Most rationally, it would be instructive to note that the Bench then notes in para 14 that:
When the judgment of the High Court was delivered, at least five accused were above seventy years of age, and one of them was of the age of about eighty years. A substantial amount of Rs.16,000/- each has been imposed by the High Court by way of fine. Therefore, it will not be appropriate to interfere with the impugned judgment of the High Court.

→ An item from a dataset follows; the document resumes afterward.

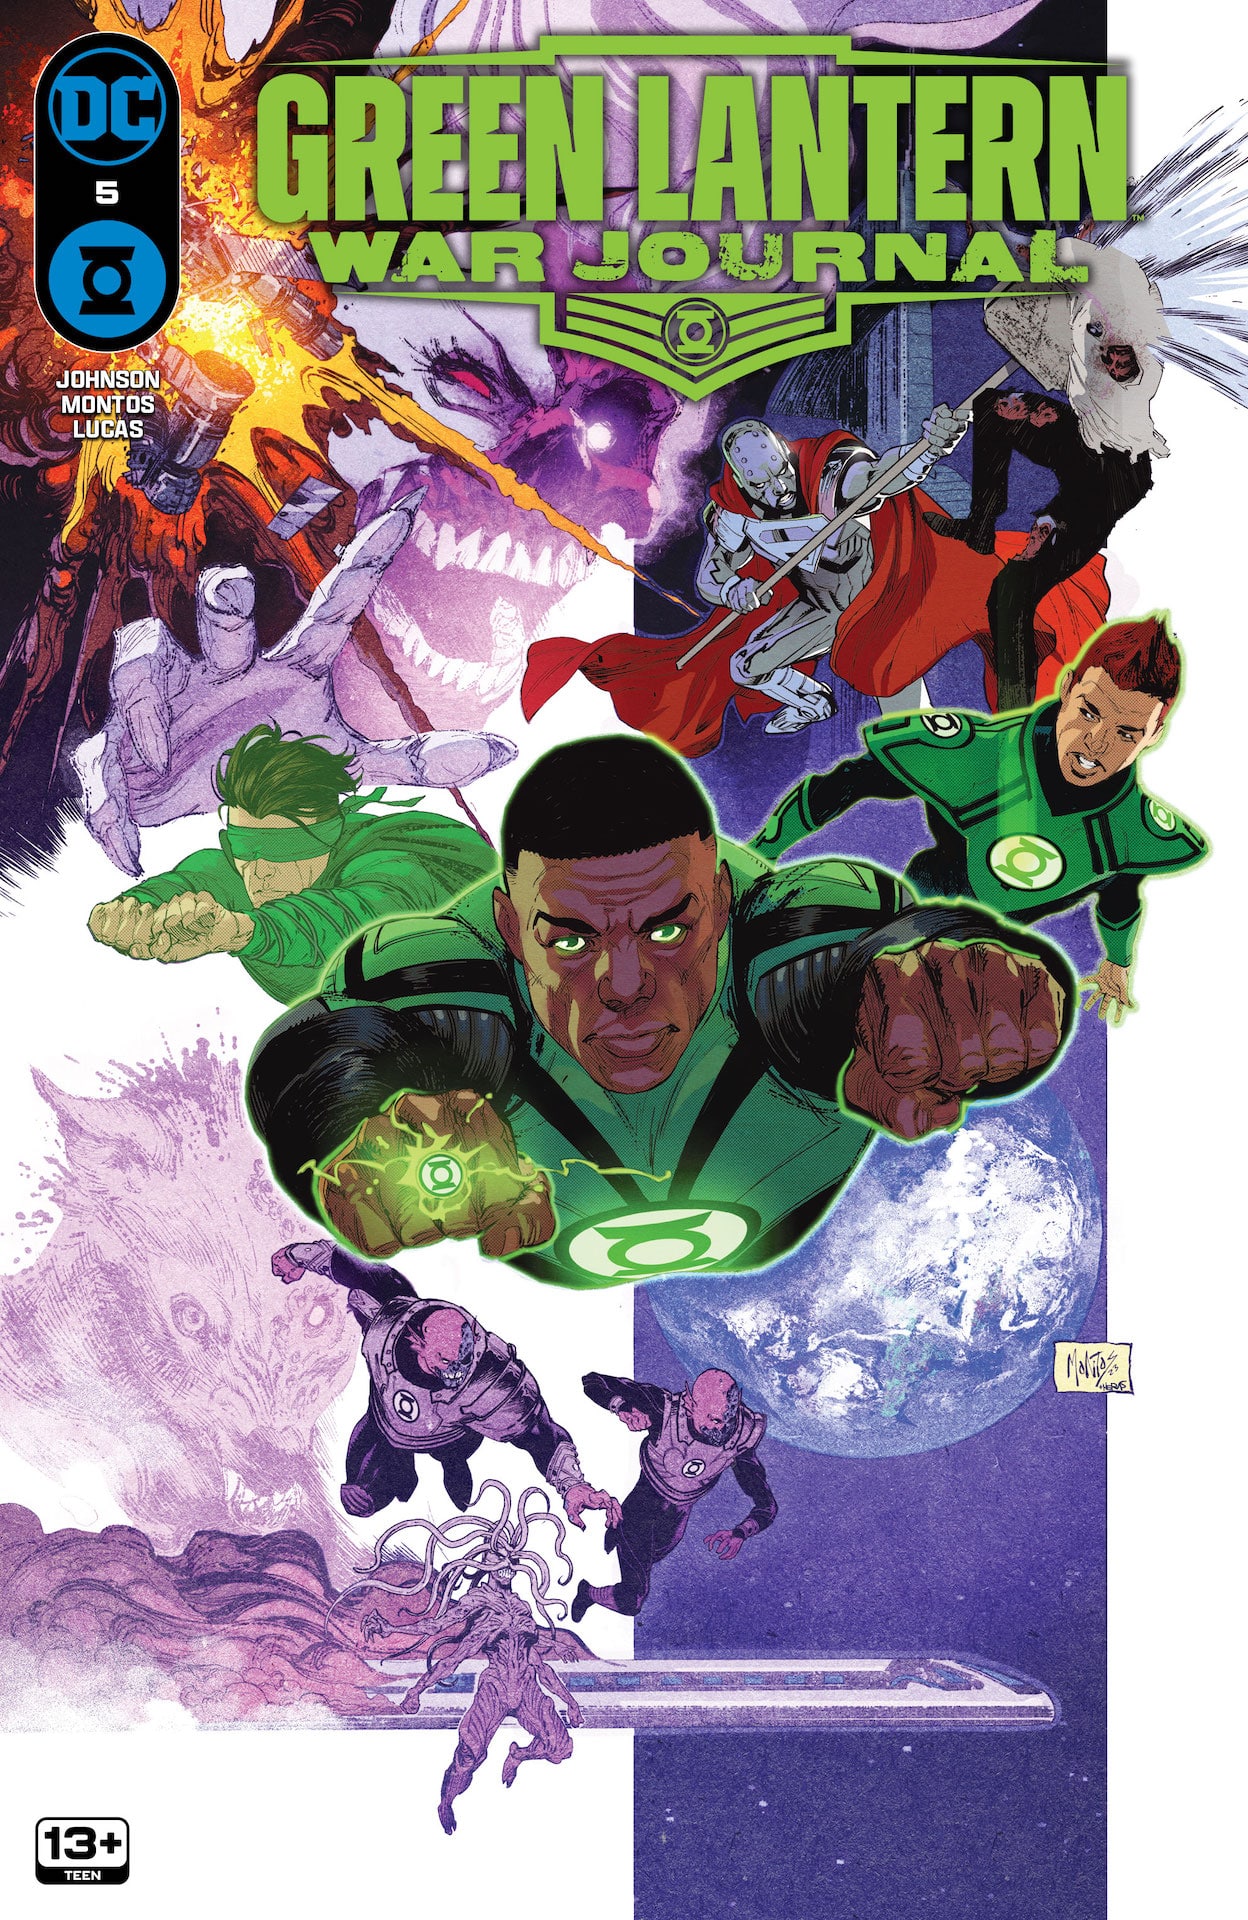 DC Preview: Green Lantern: War Journal #5
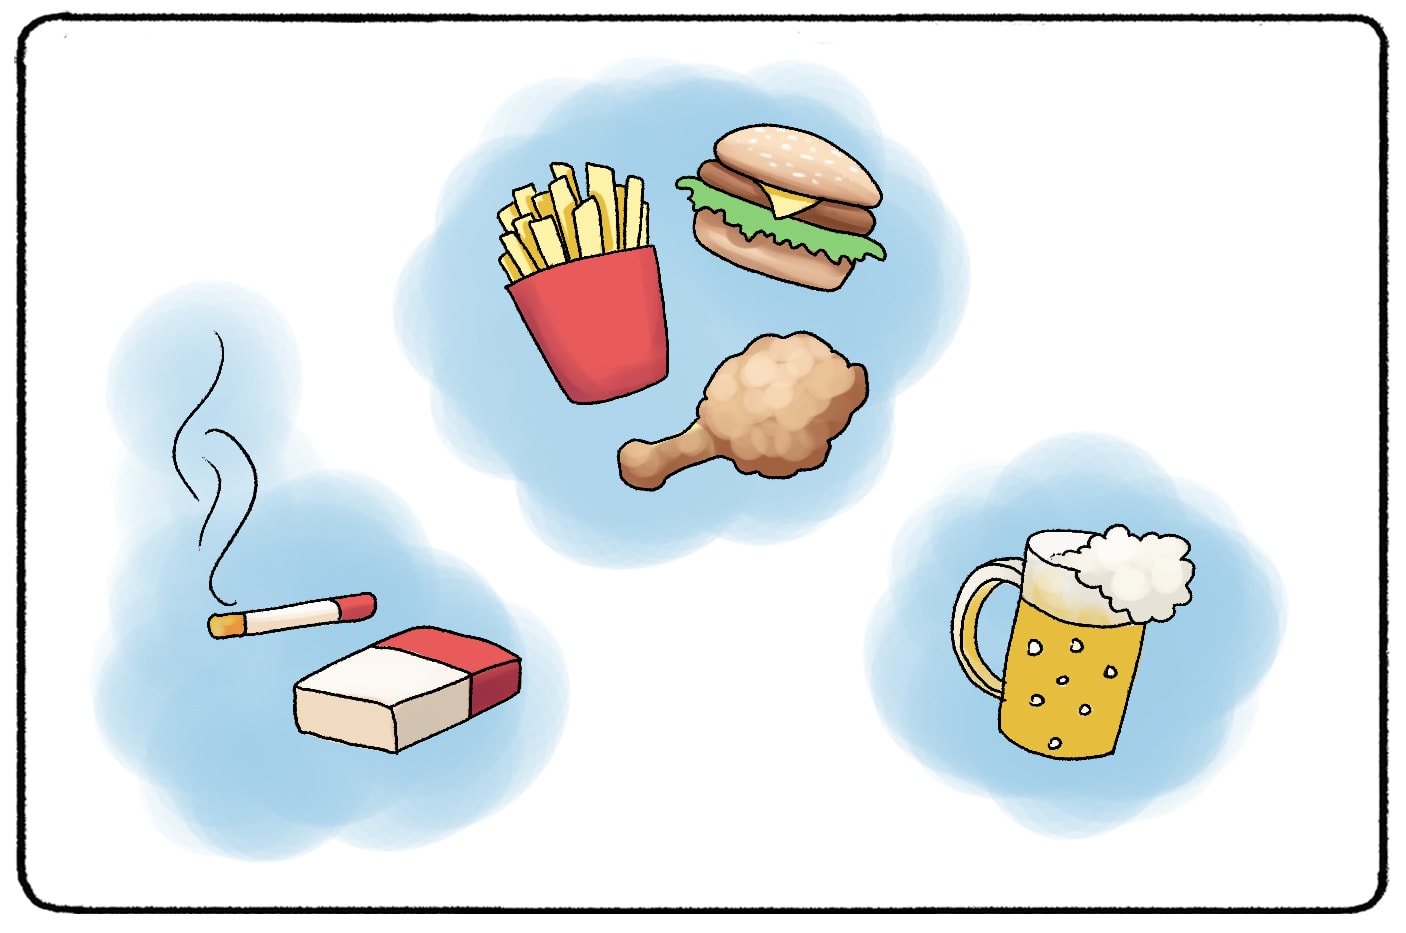 addictive substances: fast food, cigarettes, beer

Most significantly, most forthrightly and so also most remarkably, the Bench in its post-script encapsulates in para 15 what constitutes the cornerstone of this notable judgment postulating that:
In all the major High Courts in our country, there is a huge pendency of criminal appeals against conviction and acquittal. Considering the pendency of very old criminal appeals, priority is usually given to the hearing of the appeals where the accused are in prison. The appeals against conviction where the accused are on bail take a backseat. However, a right balance has to be struck by taking up for hearing even some of the old criminal appeals against conviction where accused are on bail. The old age of the accused and the long lapse of time from the commission of the offence can always be a ground available to give some priority to the appeals against conviction of the accused on bail. If the appeals against conviction where the accused are on bail and especially where a life sentence has been imposed are heard after a decade or more from its filing, if the appeal is dismissed, the question arises of sending the accused back to jail after a long period of more than a decade. Therefore, it is desirable that certain categories of appeals against conviction where the accused are on bail should be given priority.
Finally, the Bench then concludes by holding and directing in para 16 that:
The appeal is dismissed.
All told, the bottom-line of this notable judgment by the top court is that all the High Courts in India have been advised most clearly that criminal appeals of elderly accused on bail must be prioritized especially when crime is old! It is thus expected that all the High Courts will definitely pay heed to what the Apex Court has held so explicitly, elegantly, eloquently and effectively in this leading case! No denying it!